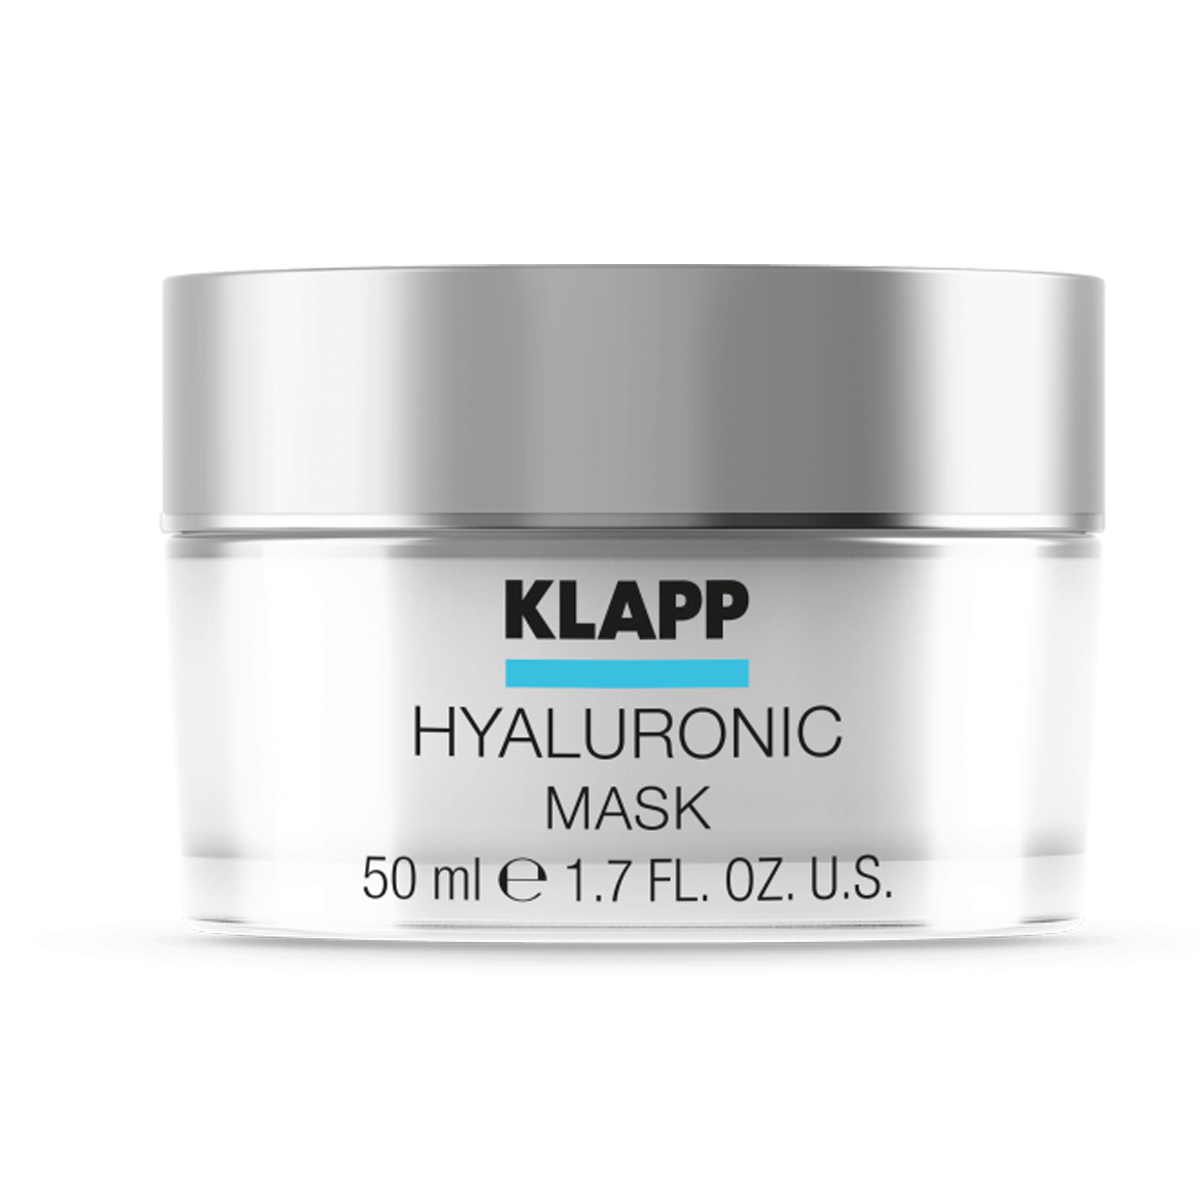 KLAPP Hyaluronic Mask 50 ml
...
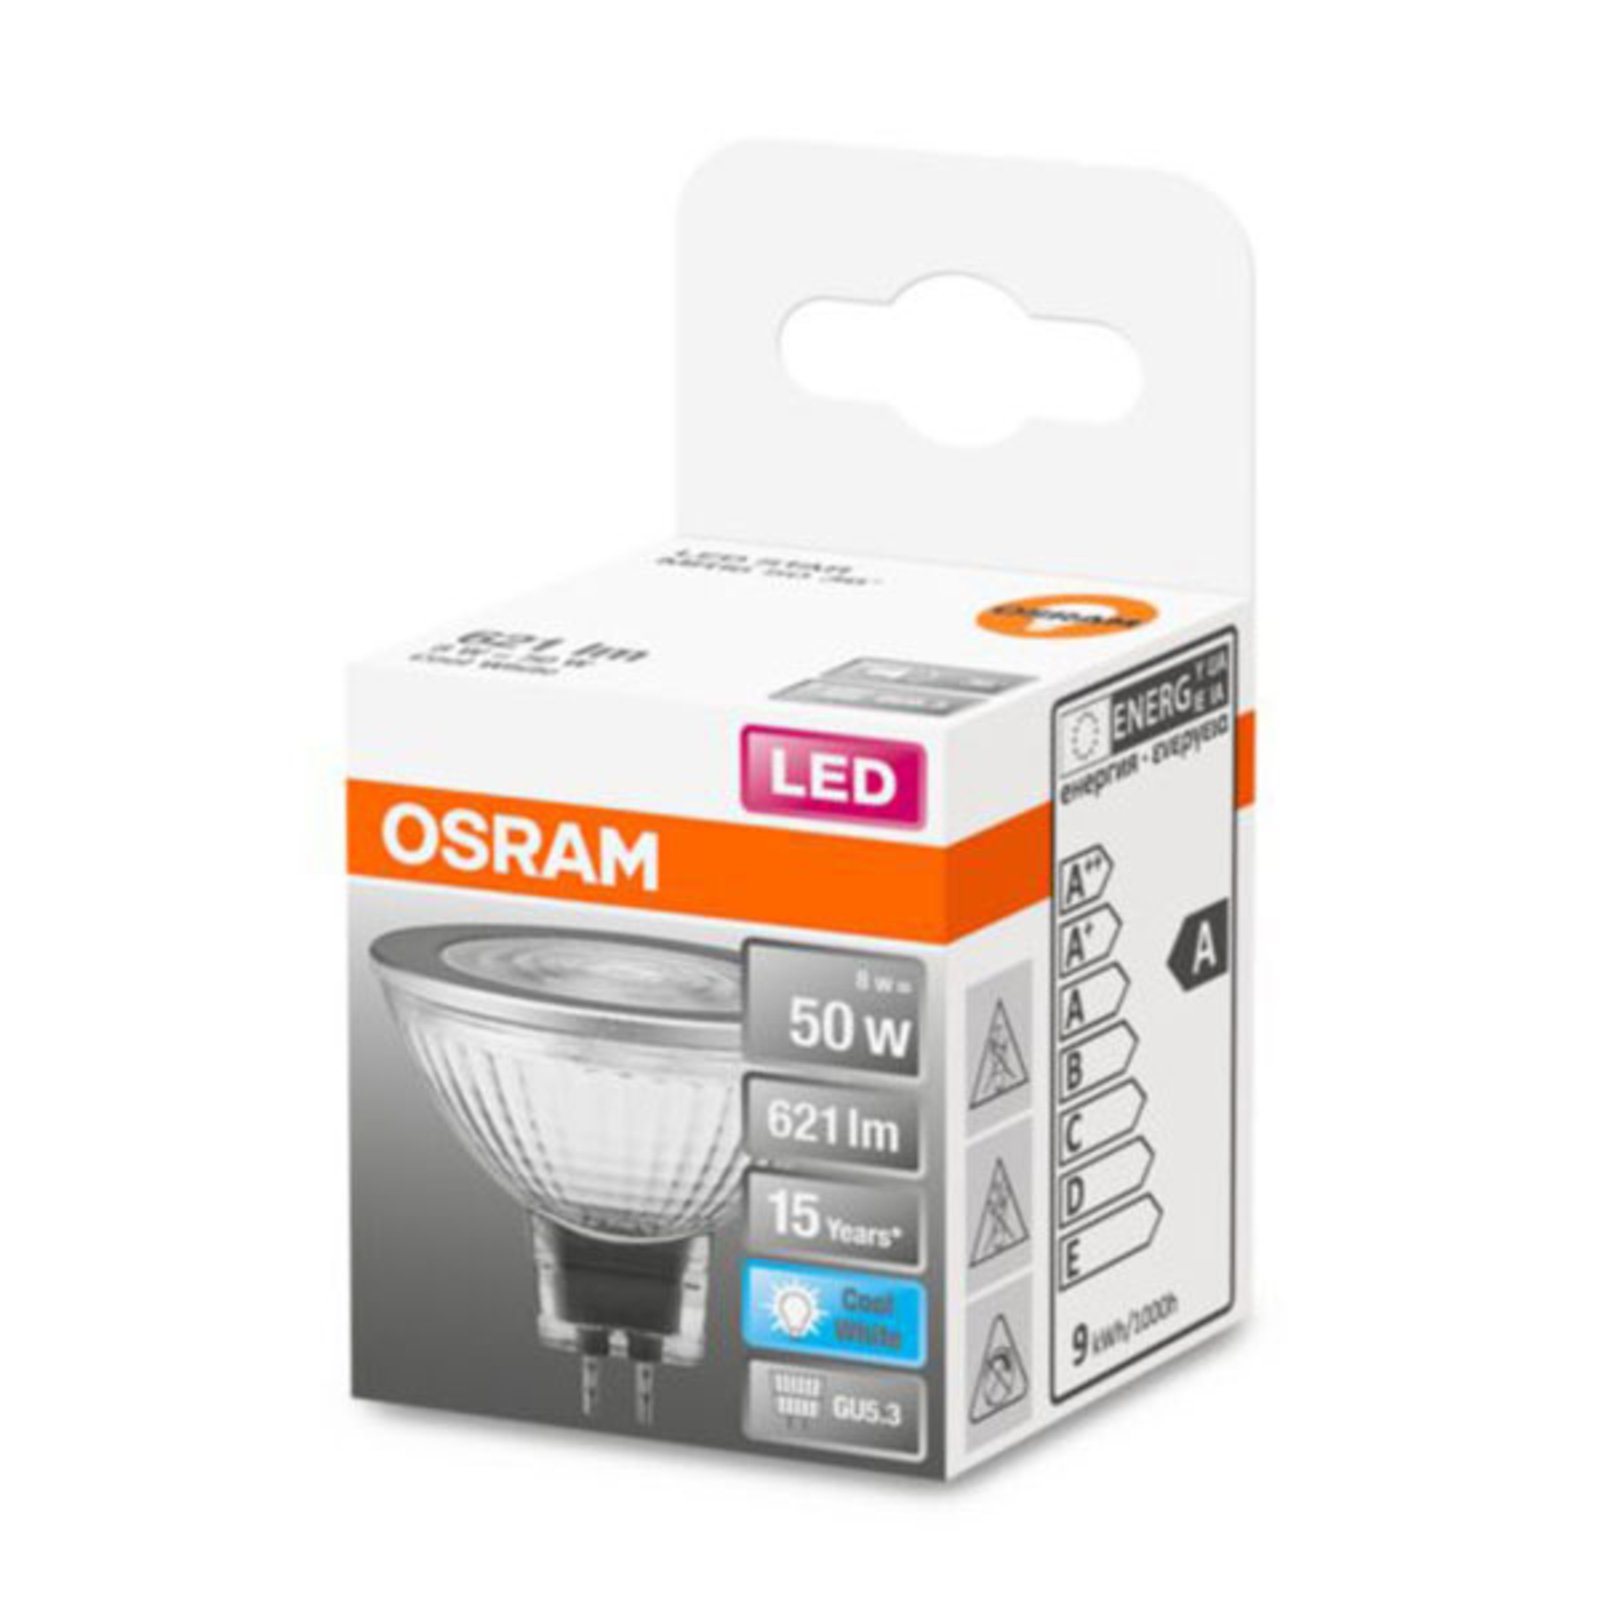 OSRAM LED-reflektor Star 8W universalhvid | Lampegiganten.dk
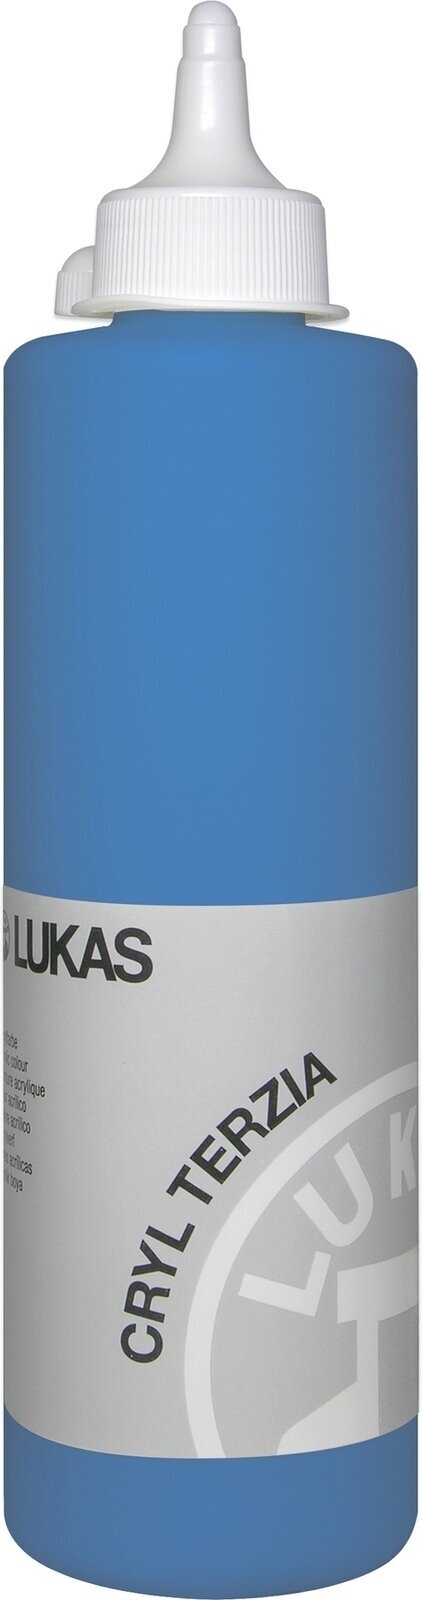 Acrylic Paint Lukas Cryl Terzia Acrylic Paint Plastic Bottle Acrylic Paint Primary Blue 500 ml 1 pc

What is required >>
For this task, return exactly the stretch of the listing above from the line with "OSRAM LED-reflektor Star" through the line with "Acrylic Paint Lukas", inclusive and without pictures.

Task response >>
 OSRAM LED-reflektor Star 8W universalhvid | Lampegiganten.dk
 Acrylic Paint Lukas Cryl Terzia Acrylic Paint Plastic Bottle Acrylic Paint Primary Blue 500 ml 1 pc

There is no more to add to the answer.